Ask HN: Startup outside the US - cerebrum
Hello,<p>I&#x27;m in the process of starting a startup, but I&#x27;m outside the US. Does it make sense to go through ycombinator.com or should I choose some other entity? I&#x27;m not sure if I want to be incorporated in the US.
======
no1youknowz
You need to decide for yourself if the hassle in incorporating in the US is
worth it and also if there are other reasons for doing so.

Like you, I am based outside of the US. I'm currently in the UK and yet, I am
incorporating in the US.

The five reasons for this are :-

1) 99% of my customers are there.

2) 100% of my vendors are there.

3) Potential investors are there.

4) 99% of my financial transactions are in dollars.

5) My Bank is in the US and no currency conversions eroding profits.

Of course, some will say why don't I go to London and seek out investment?
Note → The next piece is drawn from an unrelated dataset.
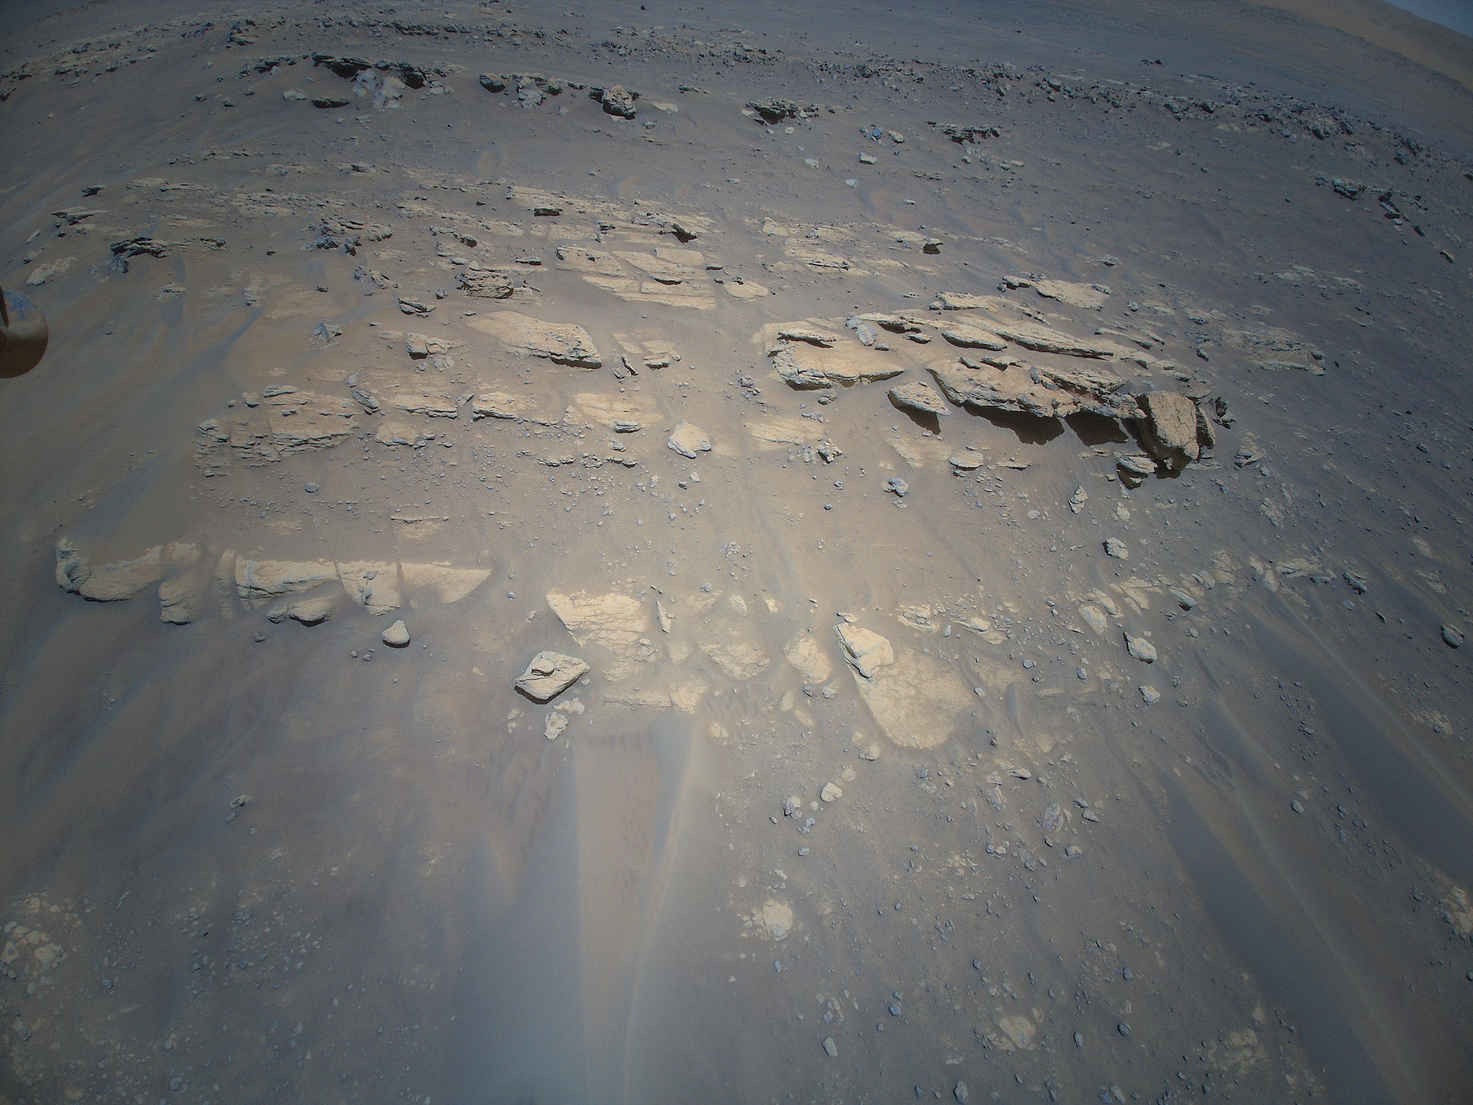 mars dirt rocks brown color photo from ingenuity helicopter flight
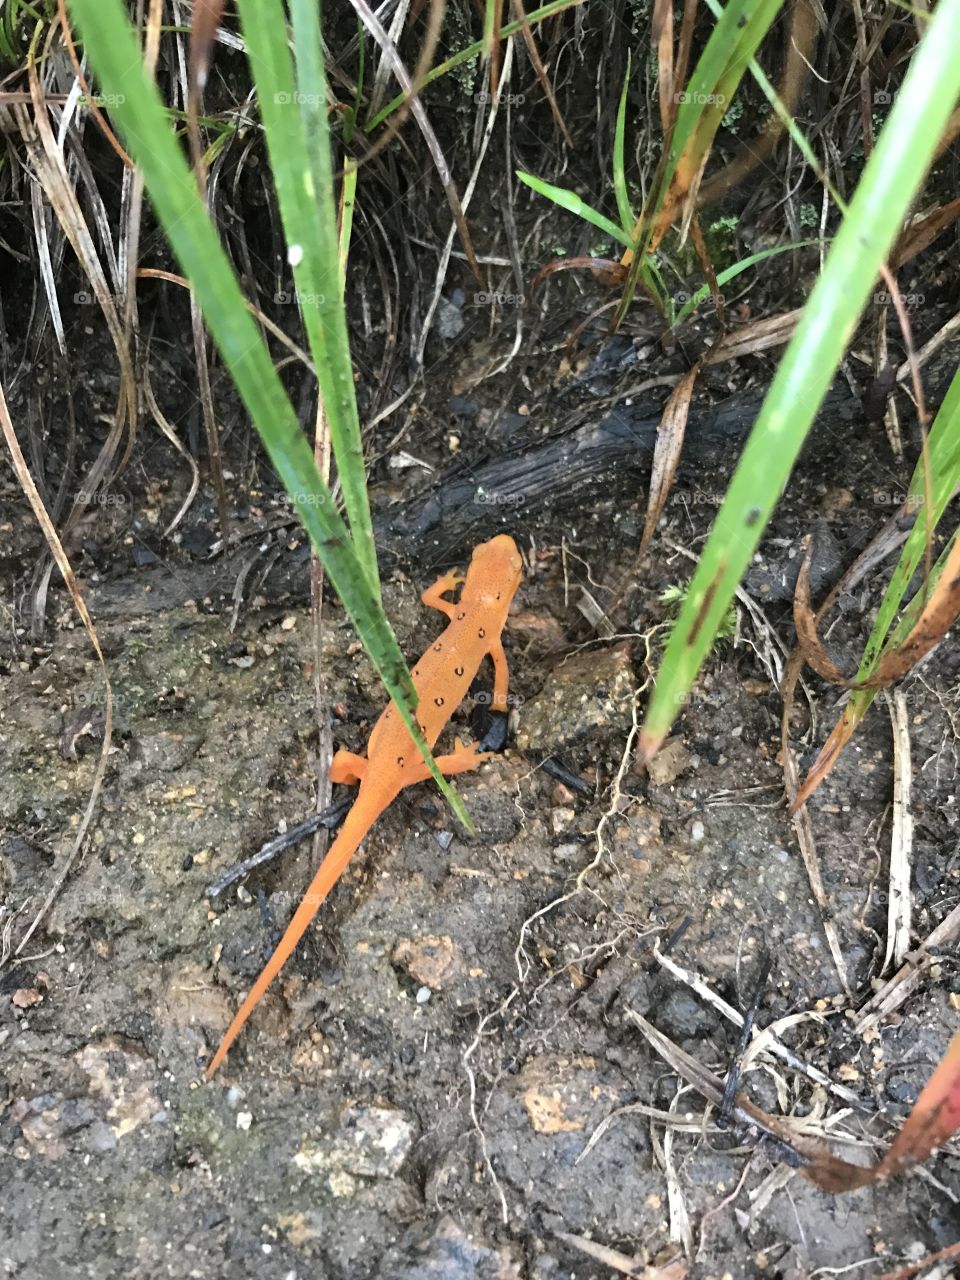 Hiking and found this lizard

I
have looked into this:

1) The mindset of a UK investor is vastly different than that of a US
investor.

2) They sum of monies for potential investment is greater for a US investor
and so is the level of risk. The sum of equity is greater for the UK investor.

3) The US investor has many more connections than the UK investor.

4) The US investor has made many more bets than the UK investor and therefore
has much better advice going forward.

I could go on... But there is 0% chance that I will be starting up in the UK.

Here's what I have found so far:

US | YC - $120k in return for 7% of the company's equity.

London | Bethnal Green Ventures - £15,000 in exchange for 6%.

London | Founders Factory - £30k for around 7%.

London | IGNITE 100 - £17,000 in return for 8%.

London | Oxygen Accelerator - £20,000 for 8%.

There's probably more, but I doubt you'll get to YC levels of funding and
influence in London.

If someone knows where I could get a better deal on funding, equity and terms.
I'd love to know!

What I am doing, is bootstrapping until I'm ready to onboard an investor.

I can't really offer you advise, as I don't know your full situation. But
hopefully what I have found offers some insight!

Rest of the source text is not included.